Assuming the Create_* methods are actually very close there is potential for optimization here. Is this project public by any chance? It would be really useful if we could get some test app on which we could test the size when we pick this up.

Sergio0694 commented 1 year ago

"Is this project public by any chance?"

It's the Microsoft Store, so it's unfortunately not public 😅 Happy to direct you to the repo though and help creating a repro if you ping me on Teams.

eiriktsarpalis commented 1 year ago

Increase in the static footprint of a source generated application is to be expected, to an extent. Effectively it is trading off application size with runtime code generation.

That being said, there certainly are opportunities to reduce the size of source generated code, e.g. by sharing metadata instantiation code between multiple types such as repeated generic type instantiations.

Sergio0694 commented 1 year ago

@eiriktsarpalis Yup exactly, we'd be fine with some increase, but it just feels like we can do a bit better at least 🙂 The way I see it there's at least two things that can greatly reduce the size increase:

krwq commented 1 year ago

We should definitely try to grab all of the low hanging fruits :-) Once we do that we can re-asses if we need/can do more.

eiriktsarpalis commented 1 year ago

Stop generating type info (and hierarchies) for types appearing in properties explicitly marked with [JsonIgnore]. This is something I don't really understand, like, is this a bug?

It is intentional. The idea is that ignored properties should still be accessible to users wishing to modify the JSON contract for a given type.

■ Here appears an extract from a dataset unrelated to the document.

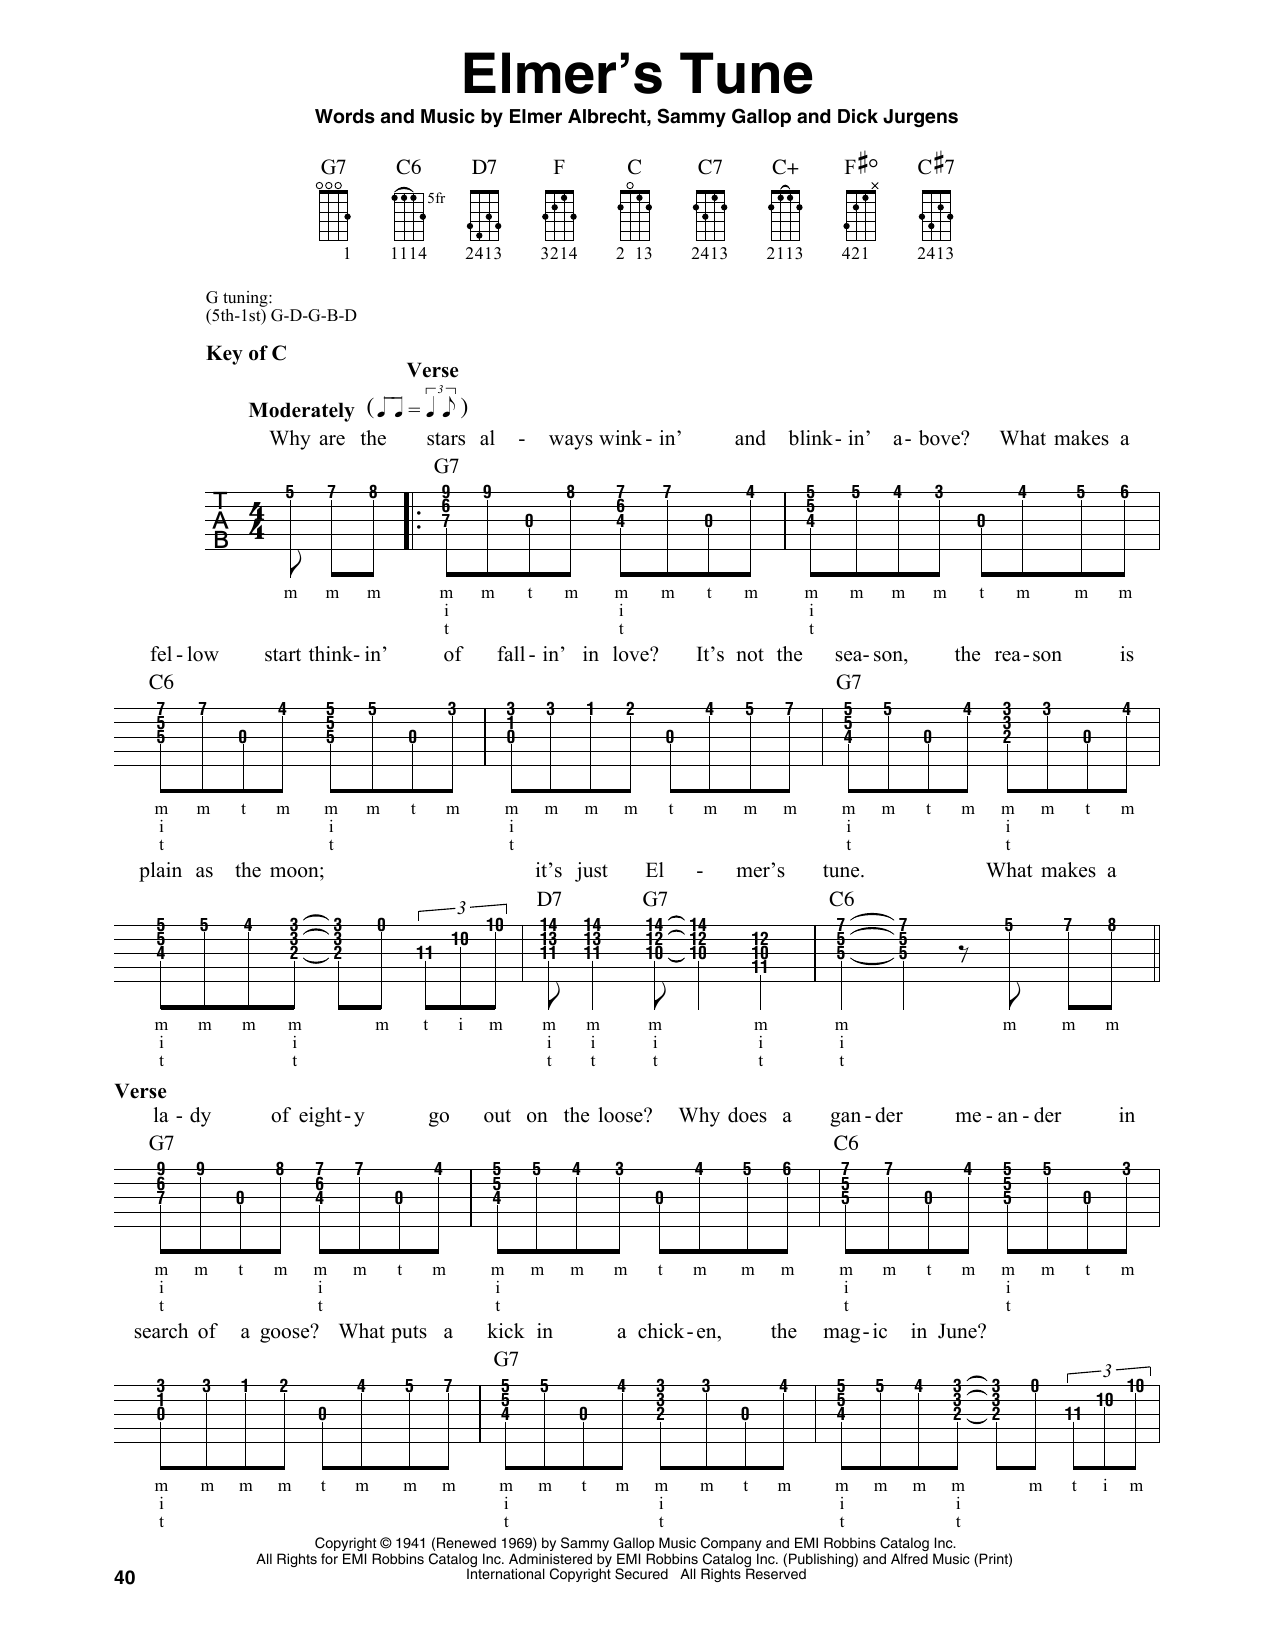 Elmer's Tune (Banjo Tab)

Sergio0694 commented 1 year ago

Ah, I see. That's unfortunate in our case, as it seems to be causing a pretty big number of types to be brought in even though they're not actually needed. I'll see if maybe there's a way we could modify our models to remove those properties entirely, but it would really be nice if there was also a way to just tell the generator to really skip a property. Like, random idea, a new ExcludeFromSourceGeneration named property on [JsonIgnore] that defaults to false, or something. As in, in cases where the extra flexibility afterwards is not needed, this just seems to cause a lot of metadata increase for no gain 🤔

EDIT: looking at our codebase, it seems this amounts to almost half of the generated code 😥

krwq commented 1 year ago

@eiriktsarpalis I think it makes sense to remove them completely, users can add them back if they need them, right?

eiriktsarpalis commented 1 year ago

We could, although it's likely some users will take a dependency on the .NET 7 behavior. We'd need to file a breaking change.

Sergio0694 commented 1 year ago

Having that be changed to be opt-in sounds like a great solution to me. I'd also be happy to help if you wanted to try this out with a nightly build from a PR, I could use it in the Store and see how much of an impact it'd have, so we can get an idea 🙂

krwq commented 1 year ago

cc: @SilentCC who volunteered to help with JsonIgnore investigation

Sergio0694 commented 1 year ago

Sharing another slightly different example we also just hit in the Store. Consider this:

[JsonSerializable(typeof(MyModel))]
public partial class MyContext : JsonSerializerContext
{
}

public class MyModel
{
    private List<string> _list = new();

    public IReadOnlyList<string> List => _list;
}

This will cause the generator to also generate type info metadata for List<string>, even though it's not needed.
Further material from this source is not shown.